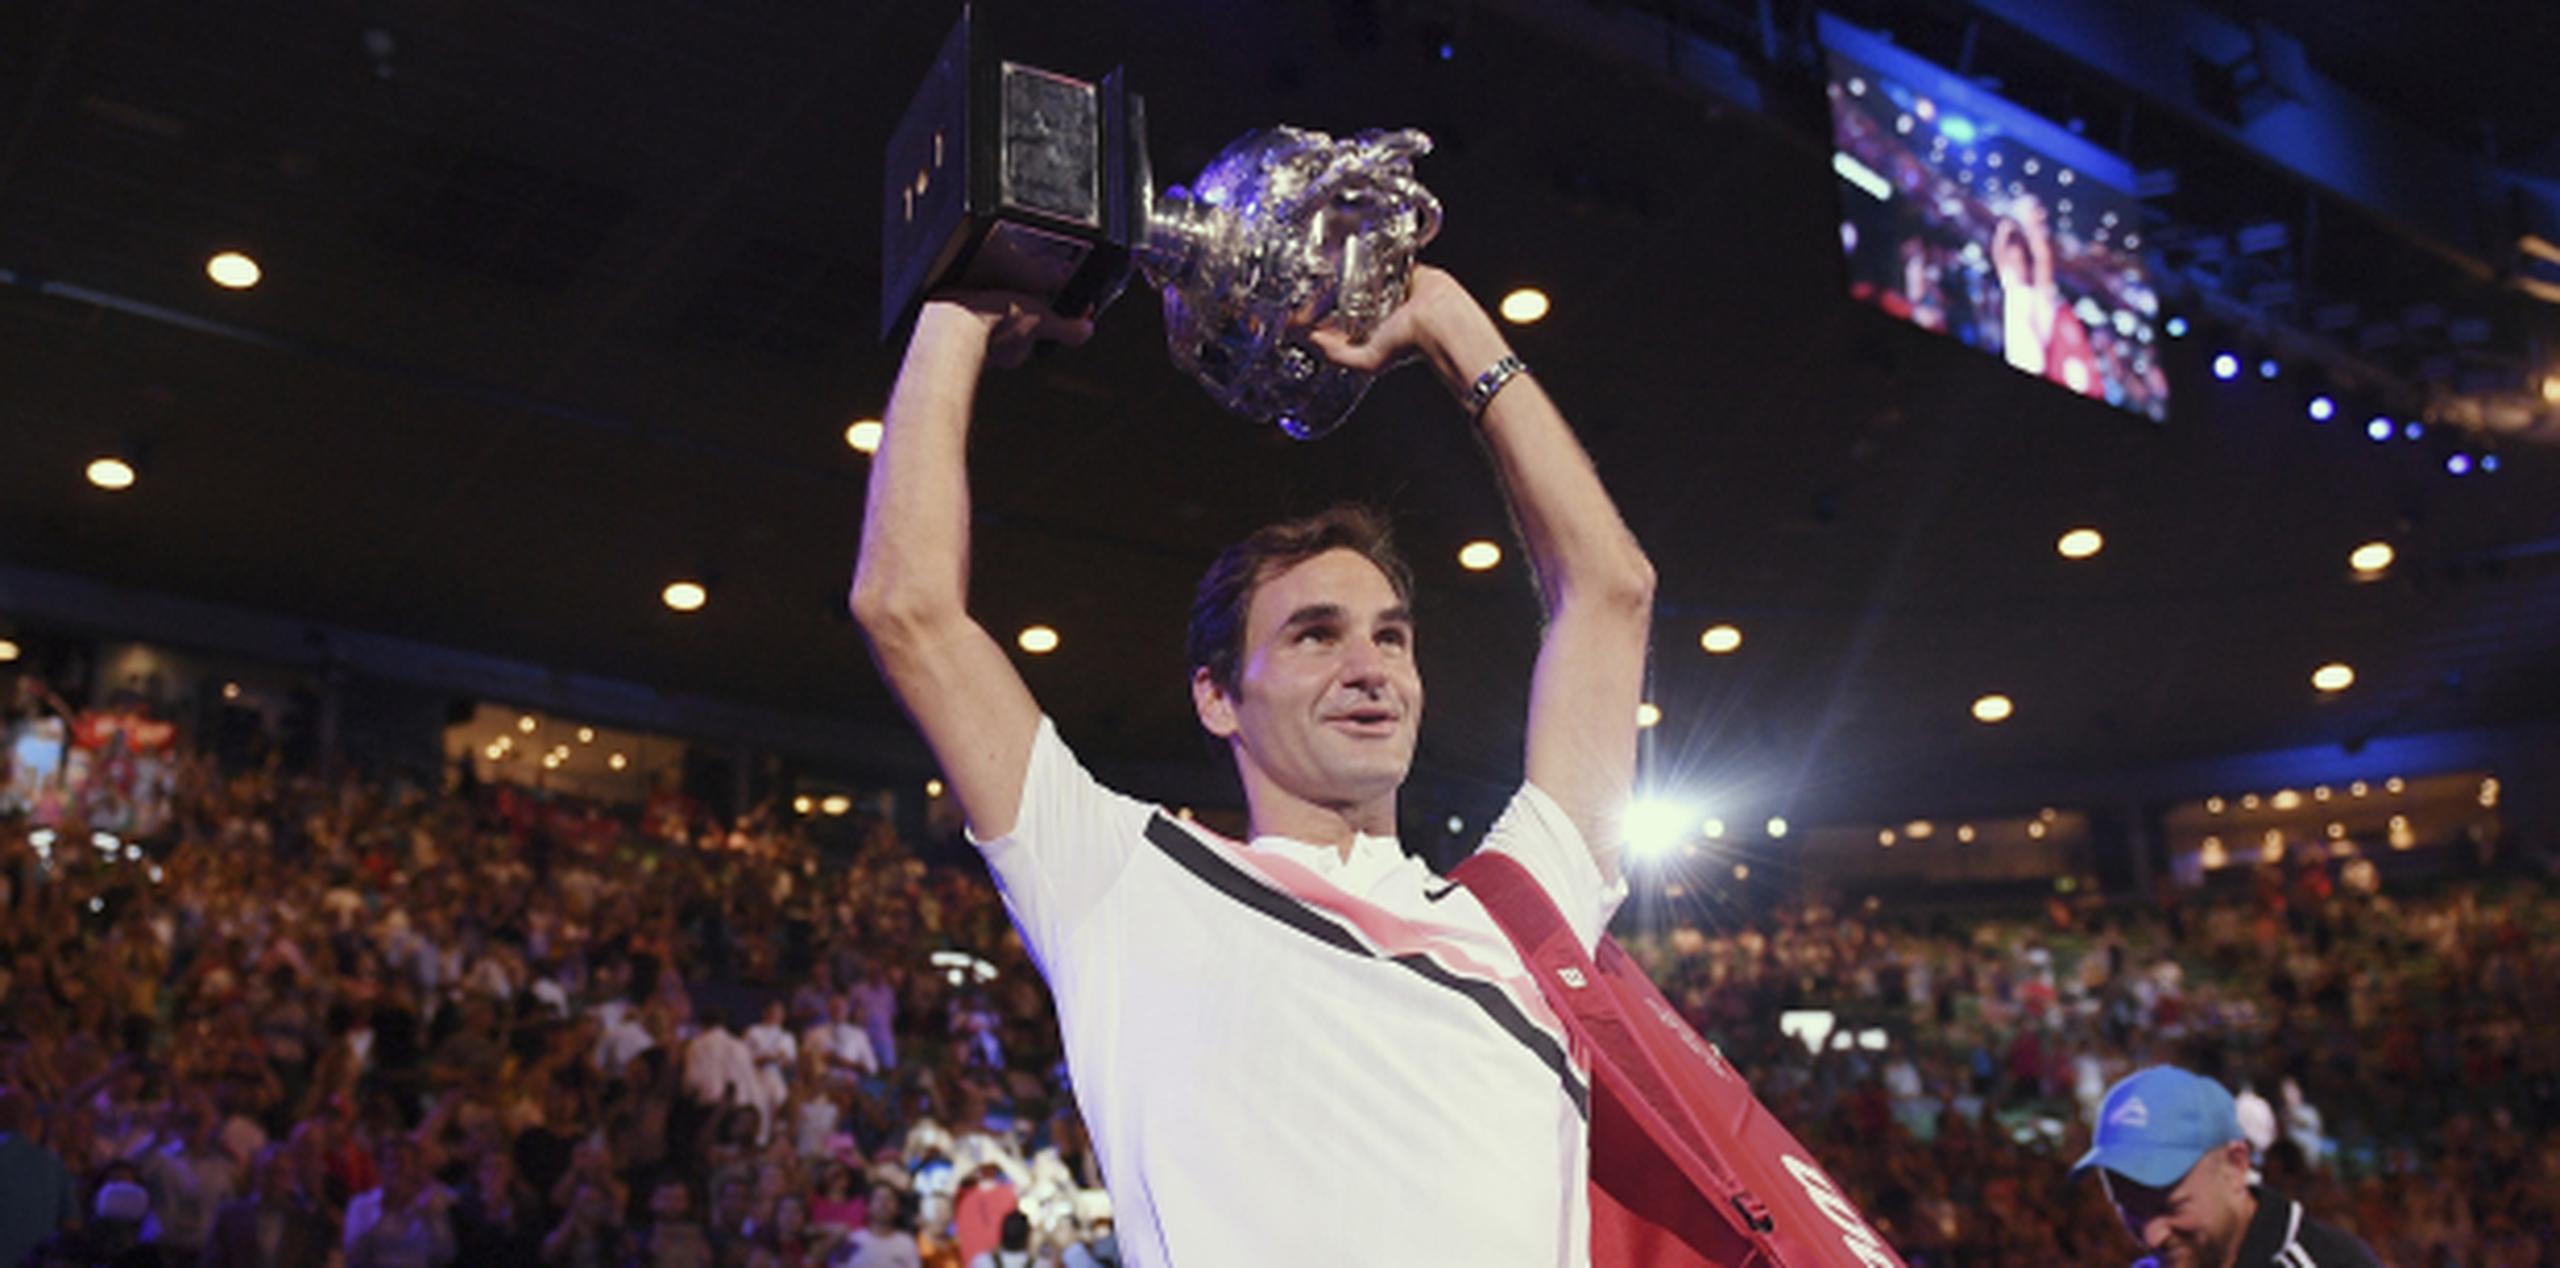 Federer superó al croata en cinco sets, 6-2, 6-7, 6-3, 3-6, 6-1. (AP)

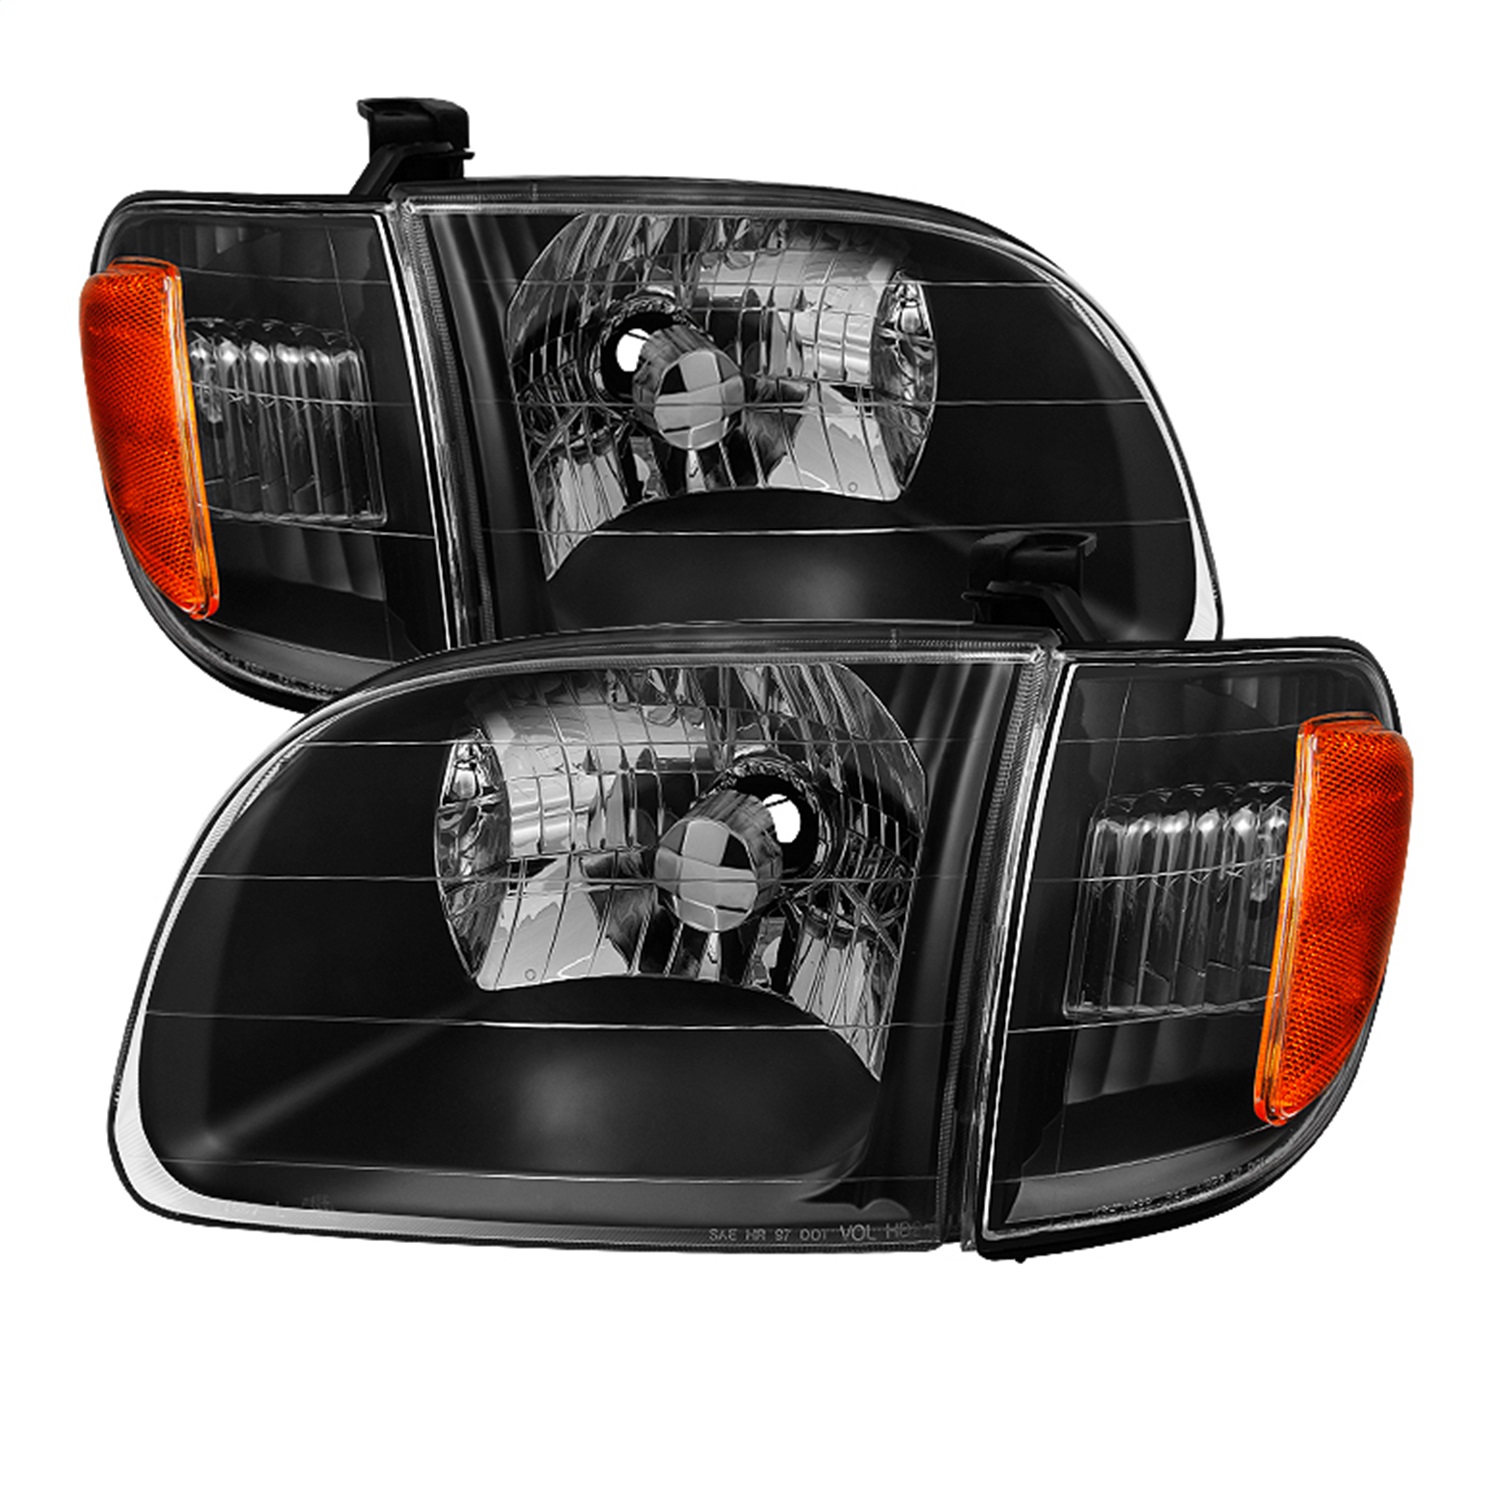 Spyder Auto 9033292 XTune Headlights Fits 00-04 Tundra
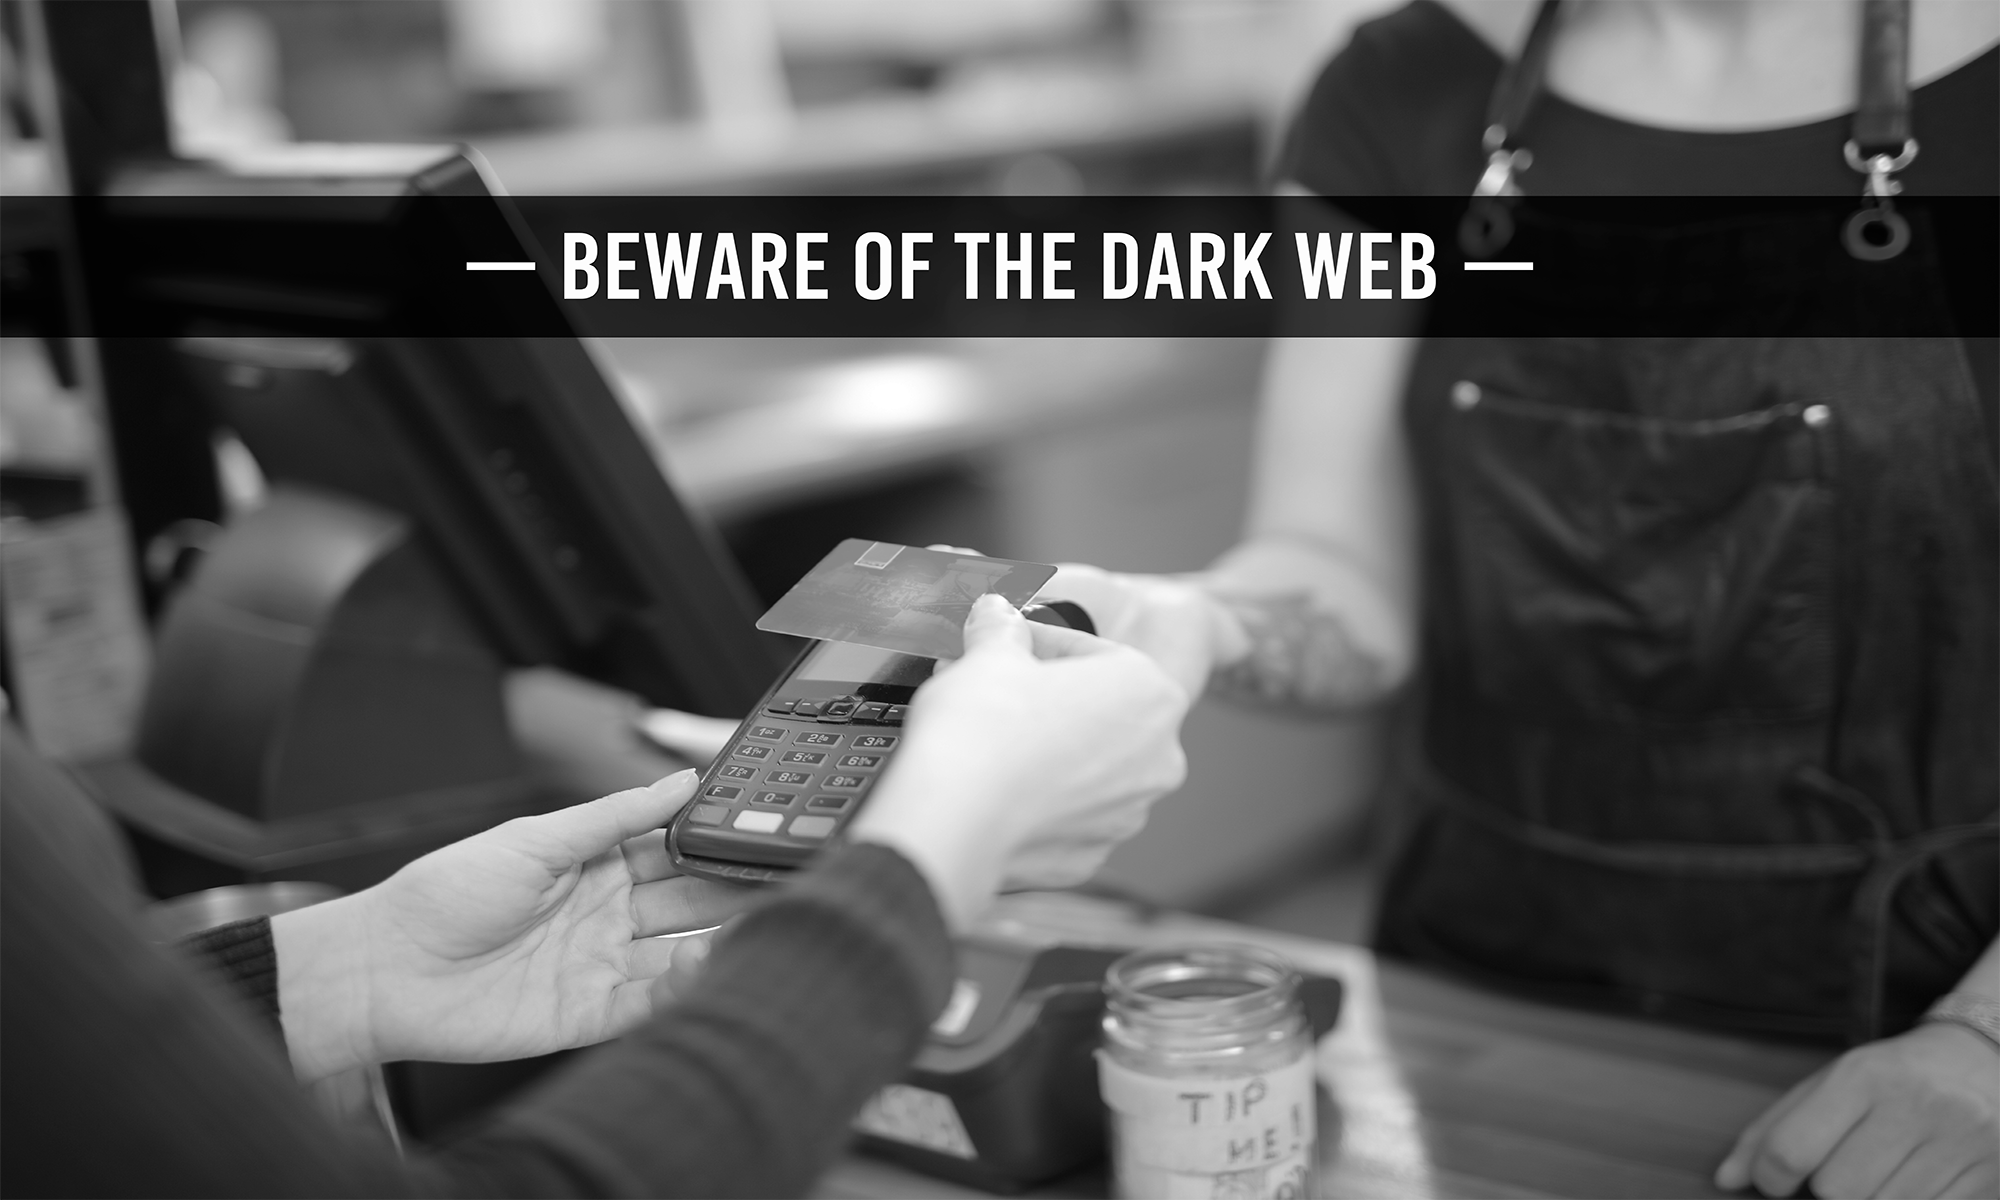 Beware of the dark web
================
*Instructions to follow*
Write out, word for word, only the lines from the one containing "Spyder Auto 9033292" to the end of the data above; the pictures stay out.

*Task output*
 Spyder Auto 9033292 XTune Headlights Fits 00-04 Tundra
 Beware of the dark web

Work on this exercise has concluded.